Pictures do not belong in your copy. Repeat all the other data exactly.

Recorded information
----------------------------------------
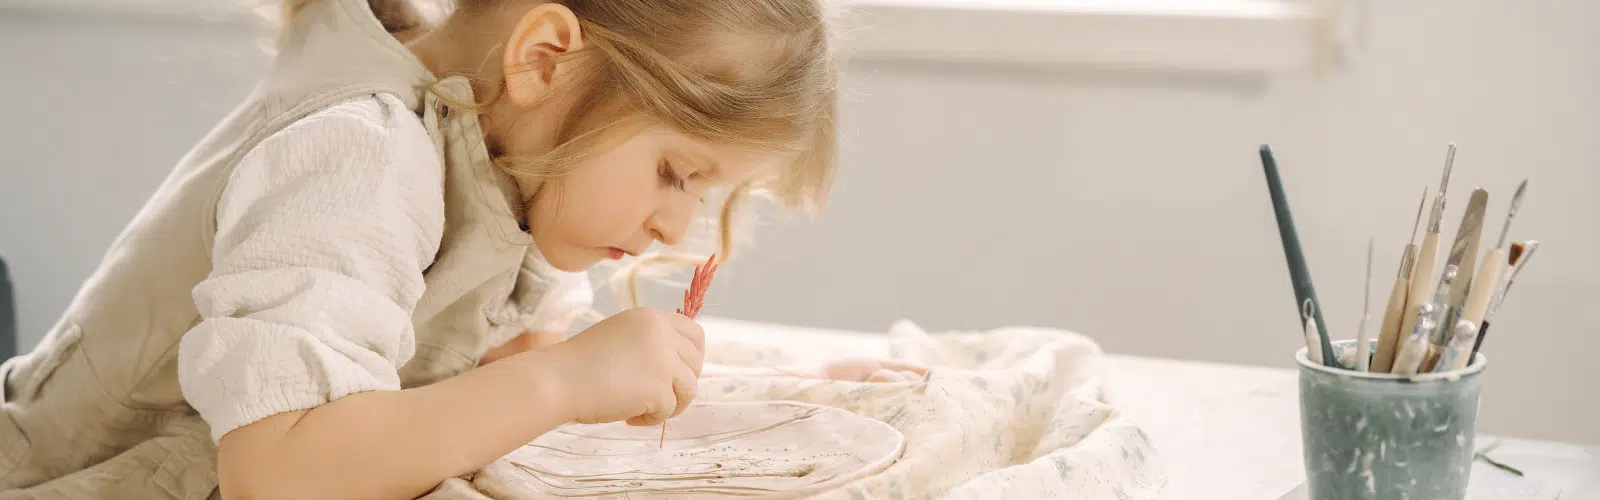 Activity for children 6 years and older: introduction to pottery
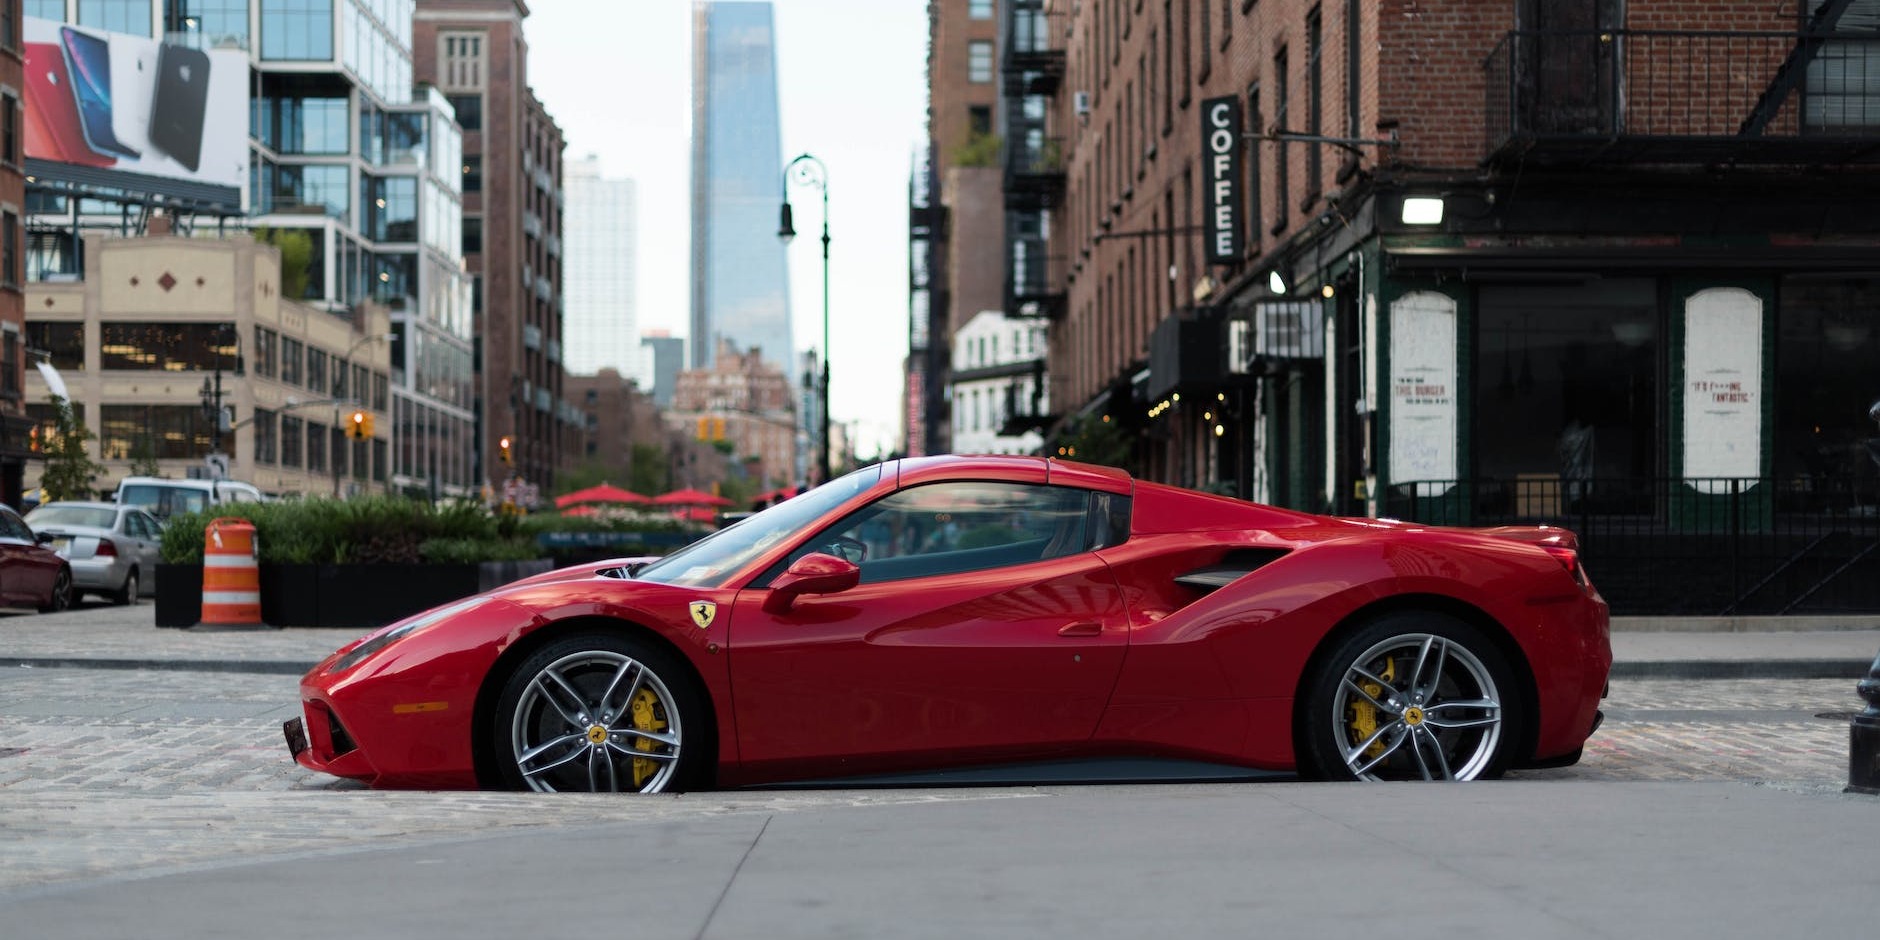 Top Tips for Maintaining Your Ferrari: A UK Guide
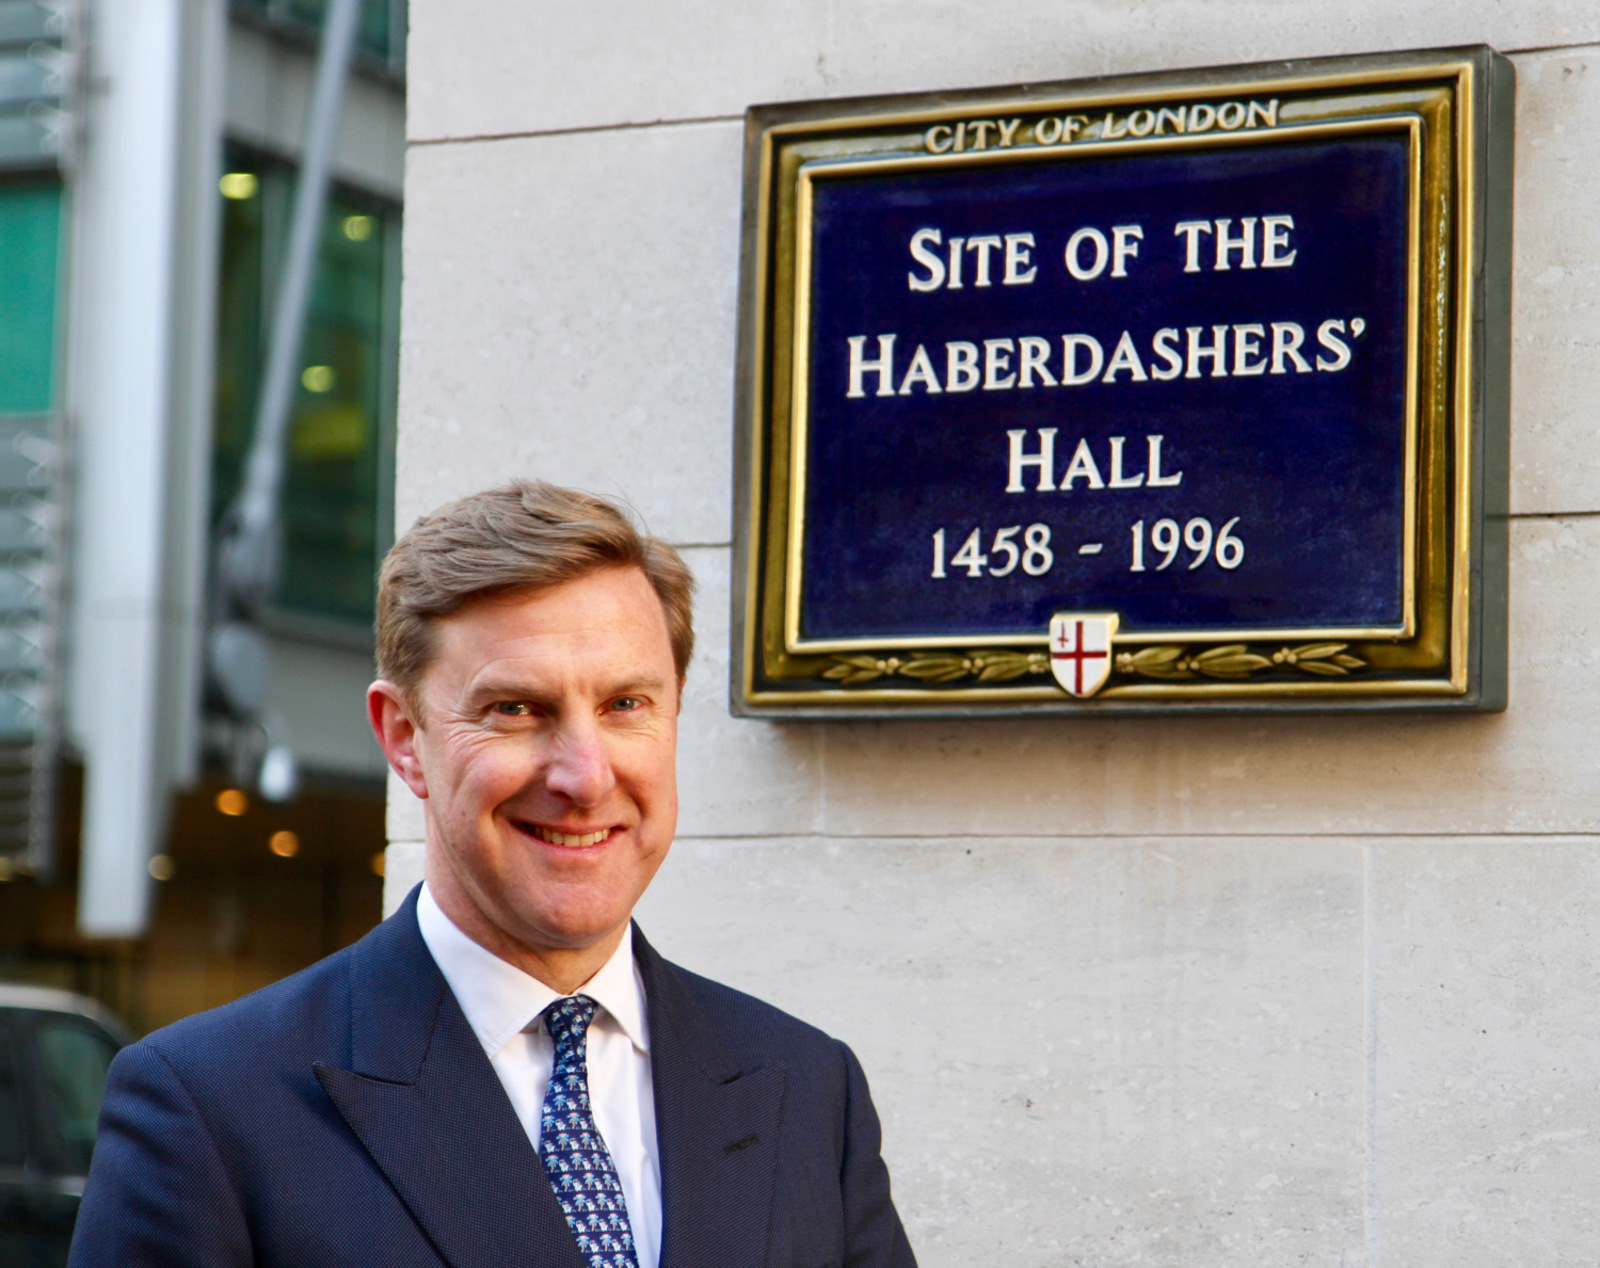 Historic Site Of The Haberdasher's Hall - One of the Great Twelve Livery Companies - on Gresham Street
----------------------------------------
Exercise answer
 Activity for children 6 years and older: introduction to pottery
 Top Tips for Maintaining Your Ferrari: A UK Guide
 Historic Site Of The Haberdasher's Hall - One of the Great Twelve Livery Companies - on Gresham Street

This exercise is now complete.